It’s one thing to try and coast your way through your last ten shifts. But when nurses grab you and say, “He’s not breathing so well,” you still need to jump into action. This guy was circling the drain when he came in , unable to talk, gasping for air. he only said one word to me. I asked him if he wanted us to put a breathing tube in and he said “NO.” He never said another word to us after that. I confirmed his wishes with his family, so then it was settled. No CPR, no Inutbation. That made my job easier in some ways, but harder in others. Intubating someone is a pretty definitive treatment for lots of things, but when you can’t intubate, you need to be a little creative. we put a positive pressure mask on his face, gave him diuretics, morphine, nitriglycerin. I had to get labs from his femoral vein which must have been as big as a garden hose because I had absolutely no trouble hitting it with one stick. I even considered doing a therapeutic paracentesis to allow better diaphragmatic excursion, but a quick ultrasound showed that his big belly was all liver.

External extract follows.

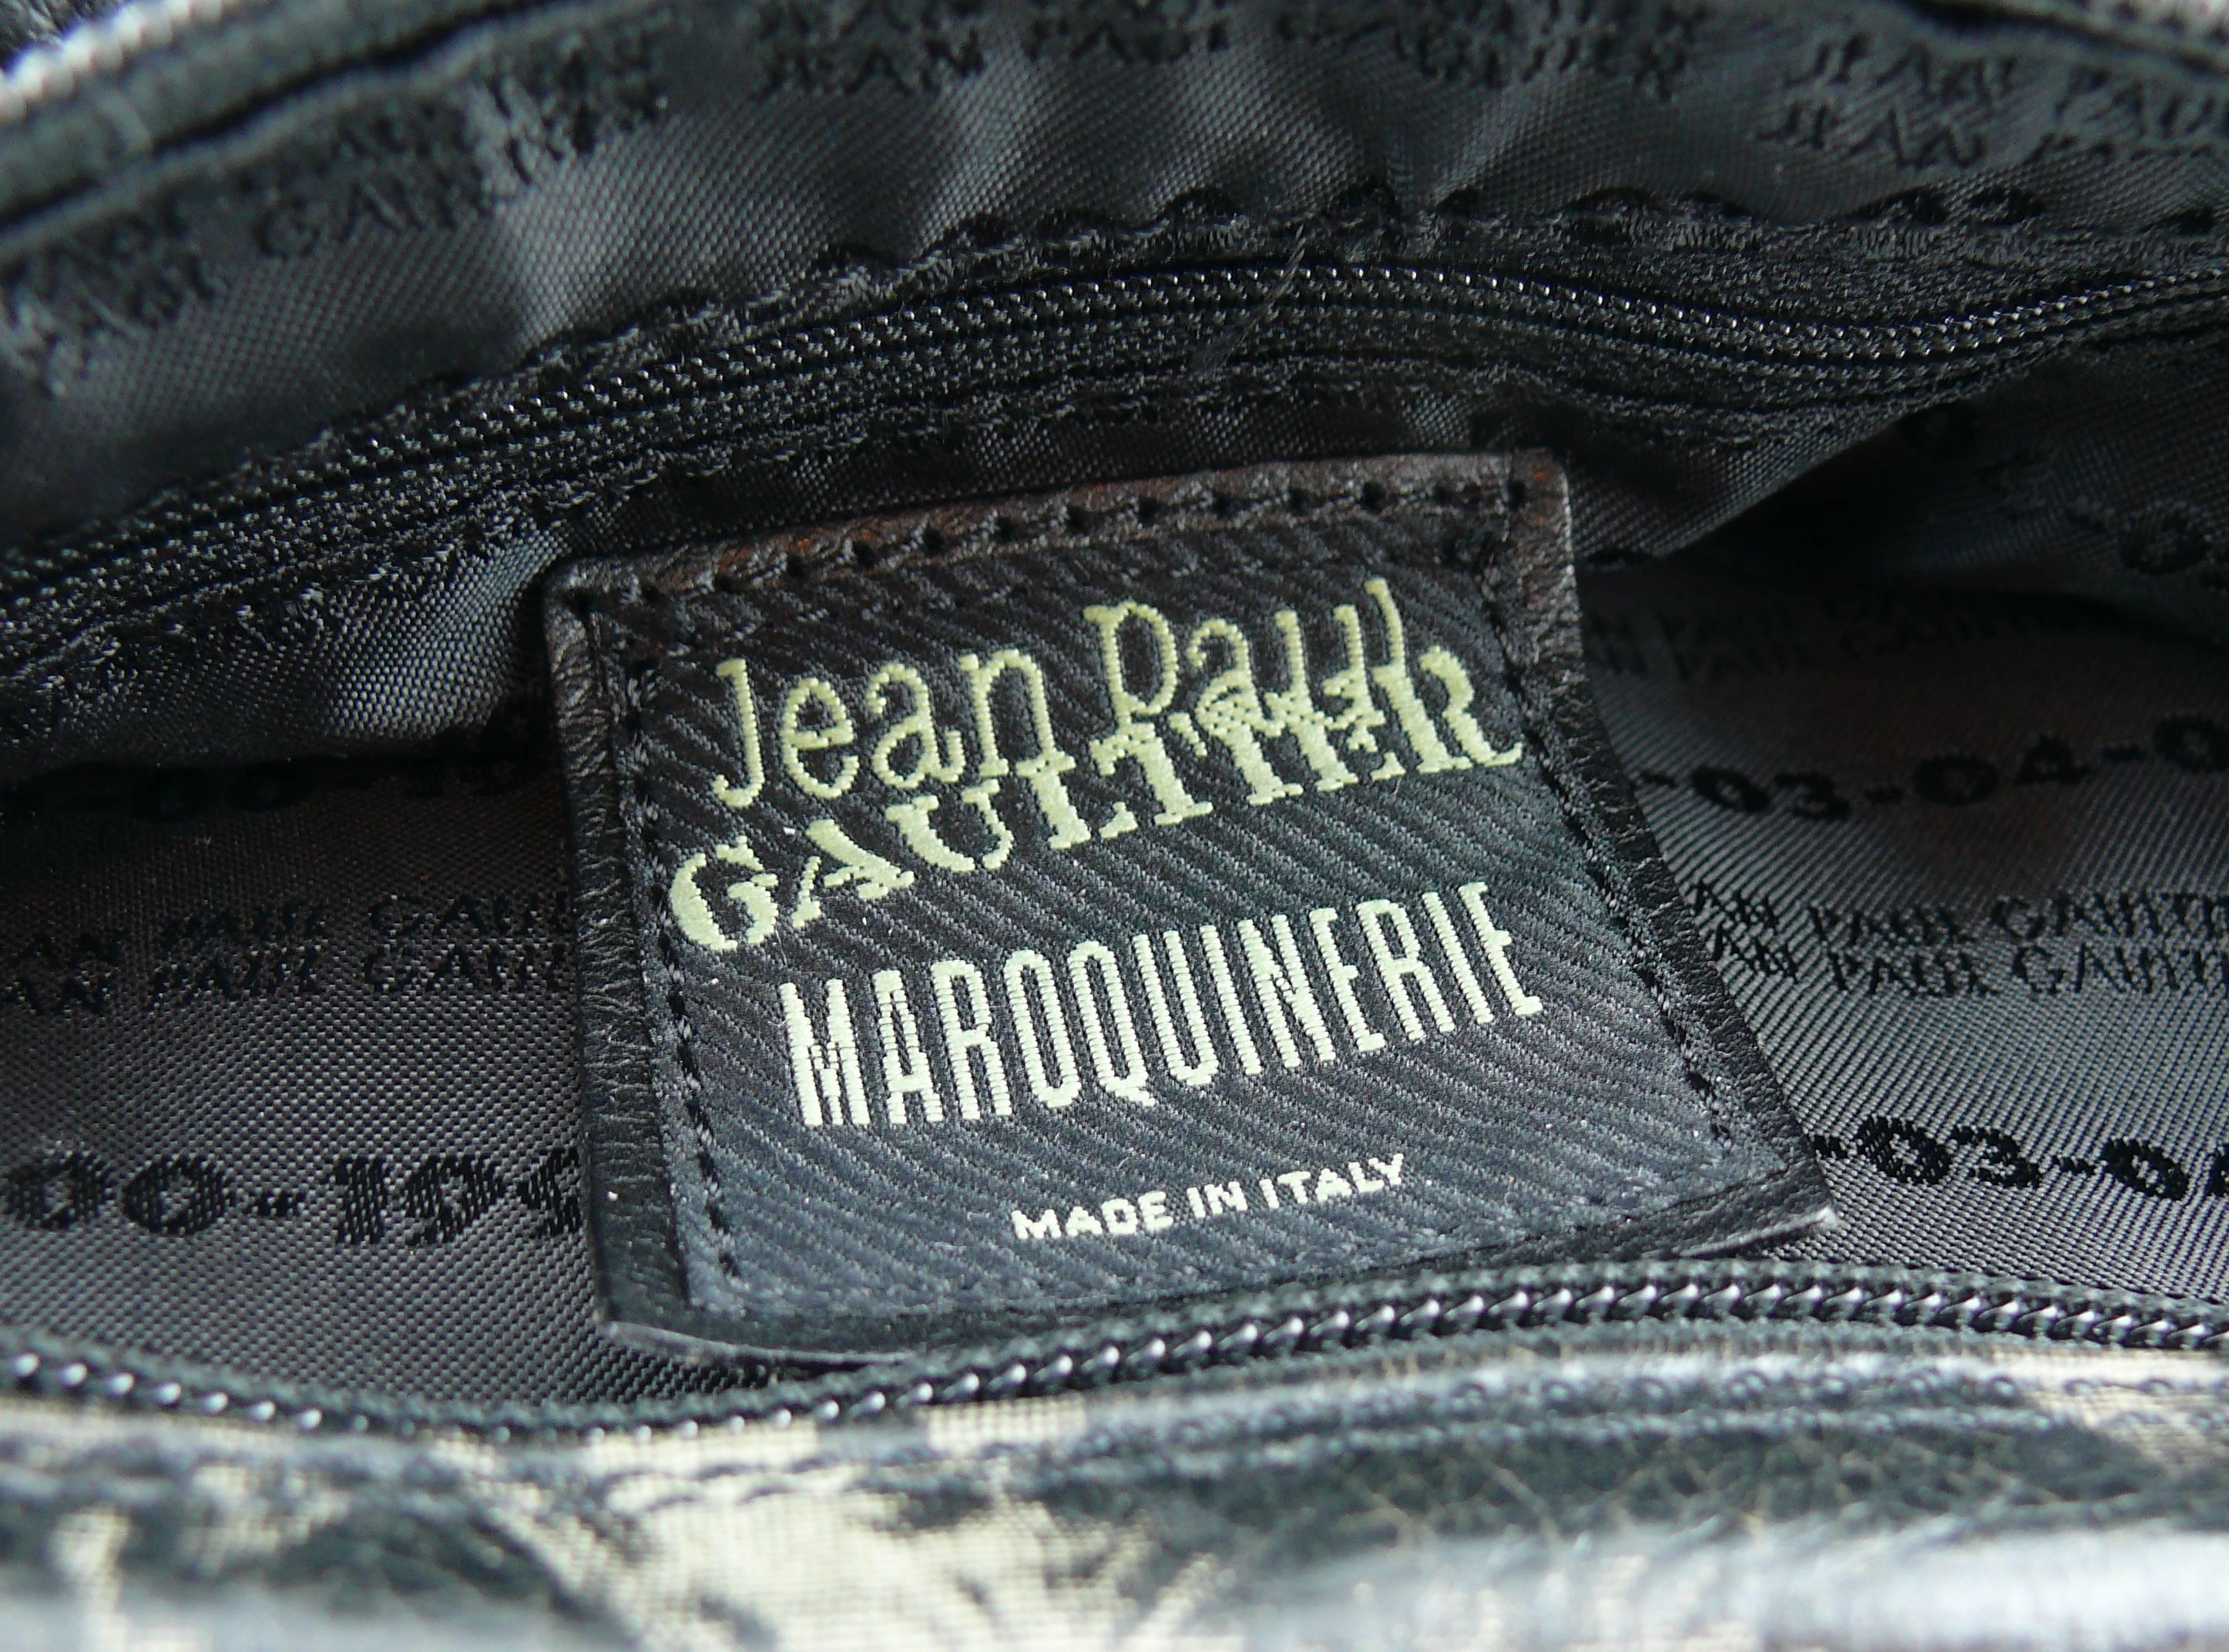 Jean Paul Gaultier Vintage Retro Dietrich Print Leather Shoulder Bag 1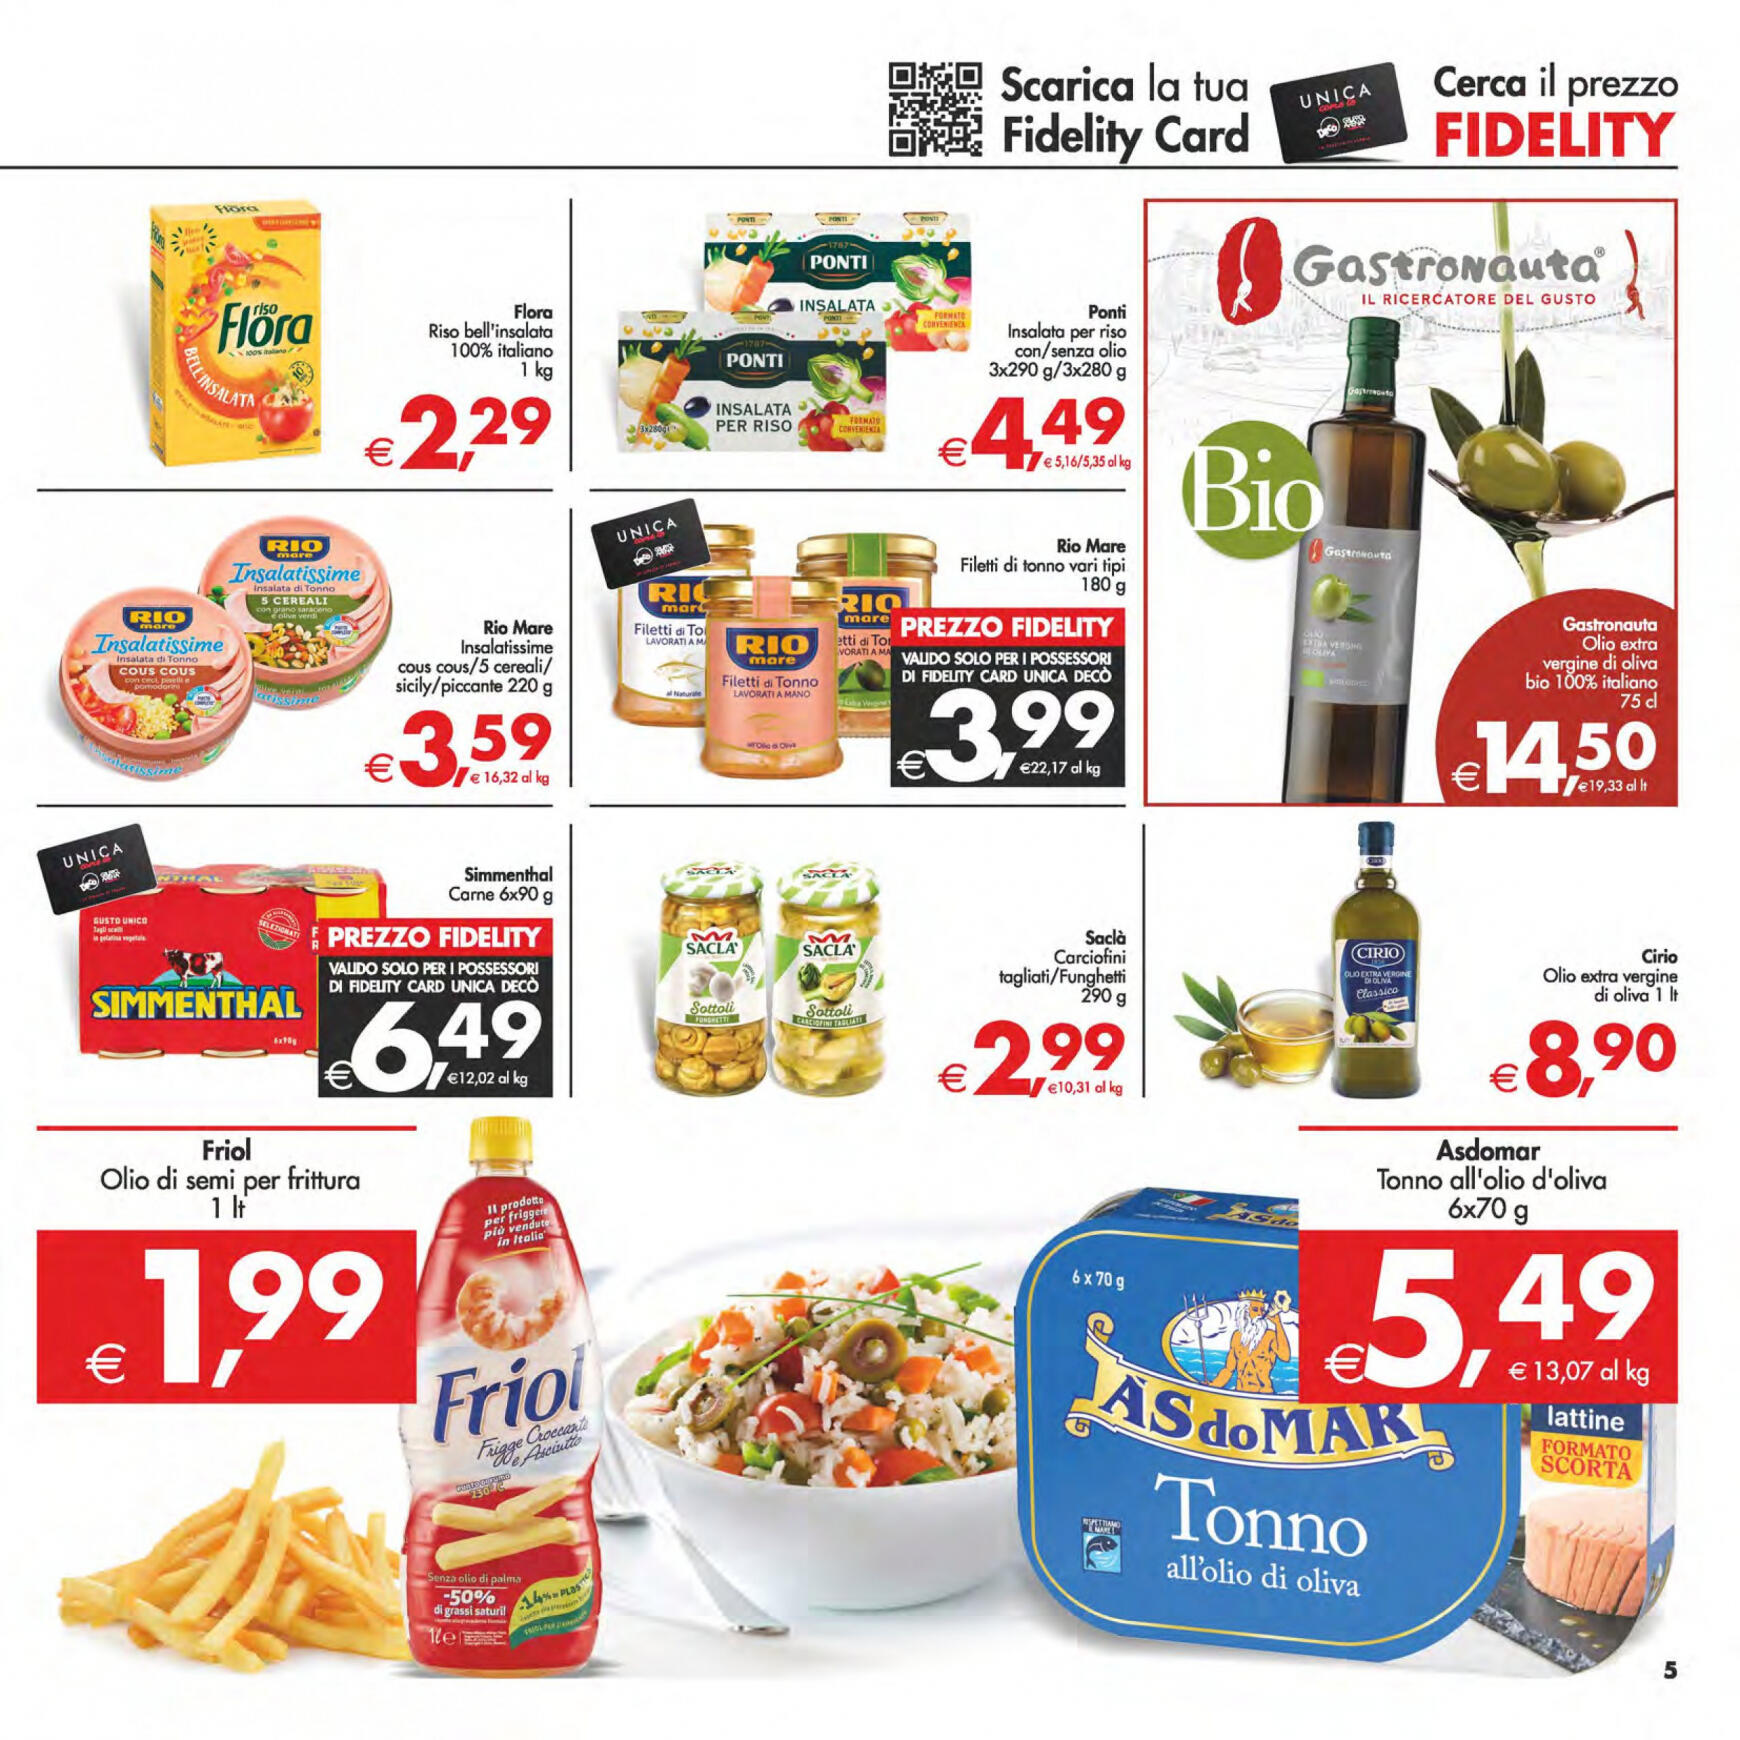 deco - Nuovo volantino Decò - Maxistore/Supermercati/Local 14.05. - 23.05. - page: 5

That patient consumed hours of my time, which would have been fine, except that I had ANOTHER patient with fever > 40 degrees (what’s that in F?), headache, neck stiffness. Uh oh. He was sitting out in triage, dressed. He needed STAT antibiotics for presumptive treatment of meningitis, he needed respiratory isolation, he needed a spinal tap, but the ER was FULL, many of the beds occupied by admitted patients who had no beds in the hospital.

It was just the beginnin of a long night. The chart anxiety I develoepd by the end of the night was alleviated by a fresh set of residents coming in at 10 & 11pm. Whew. I admitted my first four patients of the night, sent home about another four, had an easy psych admission. I really didn’t see all that many, but my time was consumed by those two sick ones. It’s been awhile since I was that busy!